Um país refém dos chicos-espertos da política

Este debate é essencial à democracia e vital para o futuro de Portugal. E o seu adiamento ou cerceamento prejudicam o futuro do país.

Um prefácio de um livro de discursos do Presidente da República, em que Cavaco Silva se pronuncia sobre a necessidade de definir estratégias de recuperação económica de longo prazo, divulgado sábado pelo Expresso; uma entrevista de fundo ao sociólogo António Barreto sobre a reforma do Estado e estratégias de viabilidade para a governação de Portugal, publicada pelo Diário de Notícias no domingo; e um manifesto para “Preparar a reestruturação da dívida para crescer sustentadamente”, assinado por 74 personalidades representativas de diversos sectores políticos e sociais, divulgado pelo PÚBLICO na quarta-feira. Em qualquer parte do mundo esta cascata de tomadas de posição públicas significa que há uma fome e uma vontade e capacidade de debate sobre o futuro do país, demonstrativas de uma sociedade preocupada, atenta e dinâmica.

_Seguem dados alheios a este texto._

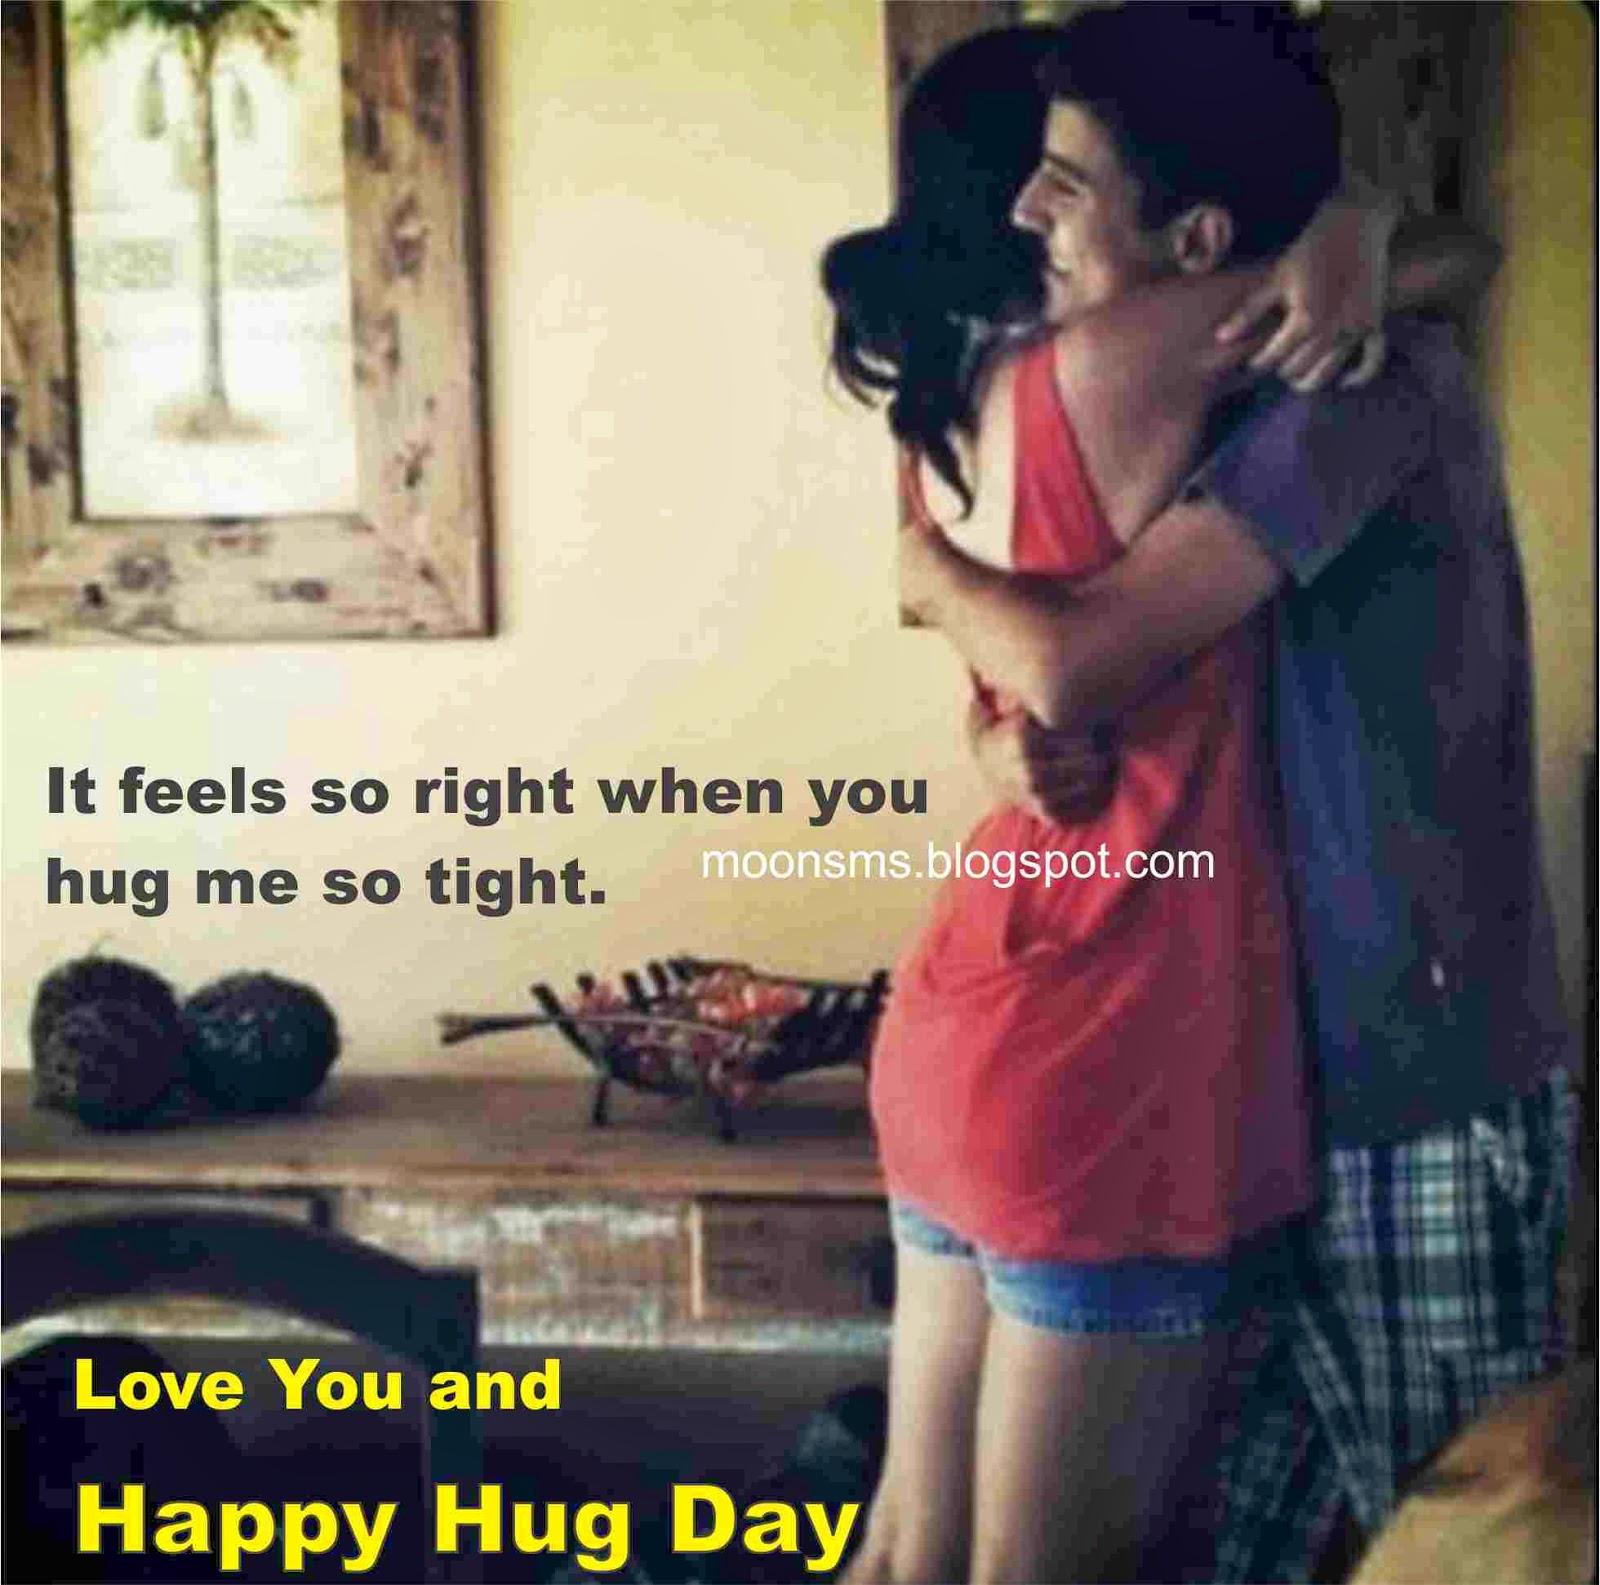 How to hug a girl your dating

São documentos com perfil diferente, que expressam questões diversas, que apontam caminhos ou pistas várias e até incompatíveis ou contraditórias, mas são a prova de que há ideias, de que há pensamento, de que há consciência crítica atenta e preparada para efectuar um debate real sobre o modelo de desenvolvimento que deve ser adoptado e sobre o que é possível fazer para melhorar a condição de vida das pessoas.

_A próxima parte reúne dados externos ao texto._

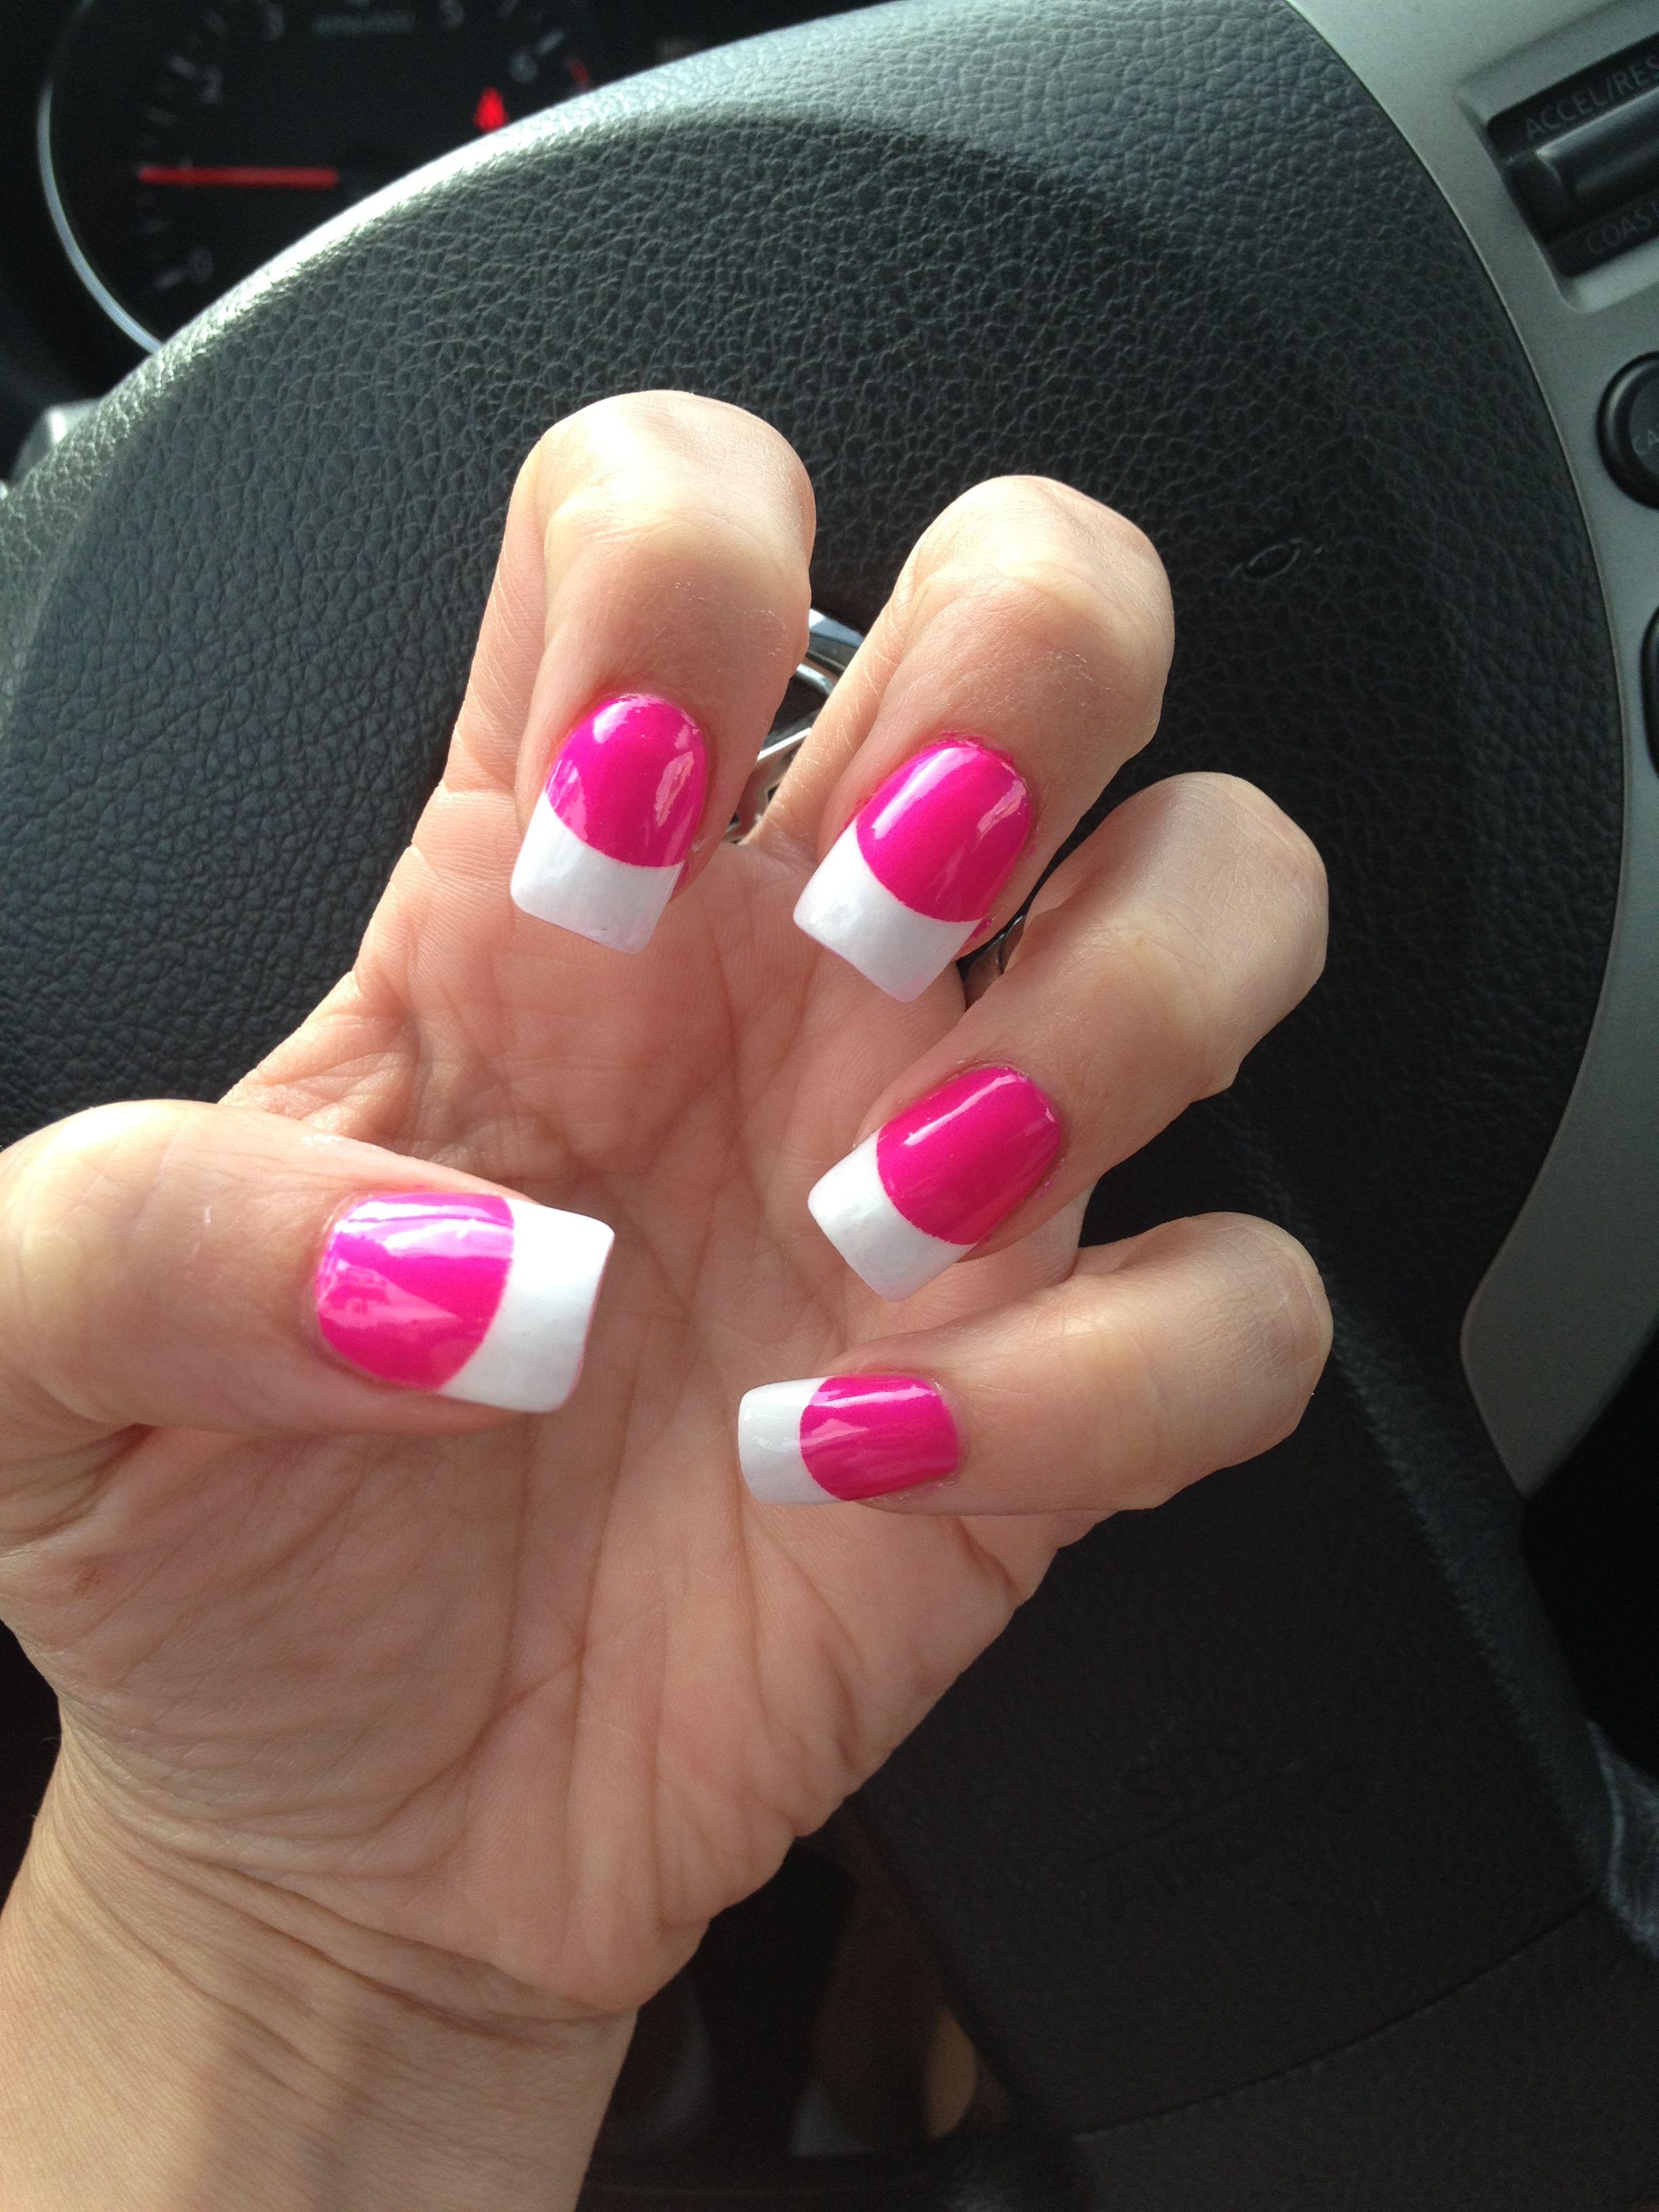 Nails! #chinaglaze #pinkfrench purple panic neon | Nails designs ...

É evidente que nem todos os protagonistas disponíveis para esse debate vital pensarão o mesmo e que há divergências profundas. Mas isso é normal numa sociedade democrática e é essencial para que haja debate e para que através de aproximações, de cedências e de acordos se encontrem caminhos e estabeleçam regras e prioridades.

As saídas apontadas são diversas, nomeadamente as que se reconhecem na leitura dos três documentos citados. Vão elas desde a defesa de que é essencial preparar a reforma do Estado, como fez António Barreto, até ao alerta para a segurança que dará a adesão a um programa cautelar contra o risco de uma saída limpa, desenvolvido por Cavaco Silva, continuando na defesa de que é preciso negociar em comum acordo com os credores uma reestruturação da dívida pública portuguesa, como propõe o manifesto dos 70. E há inúmeras questões que merecem e precisam de ser equacionadas.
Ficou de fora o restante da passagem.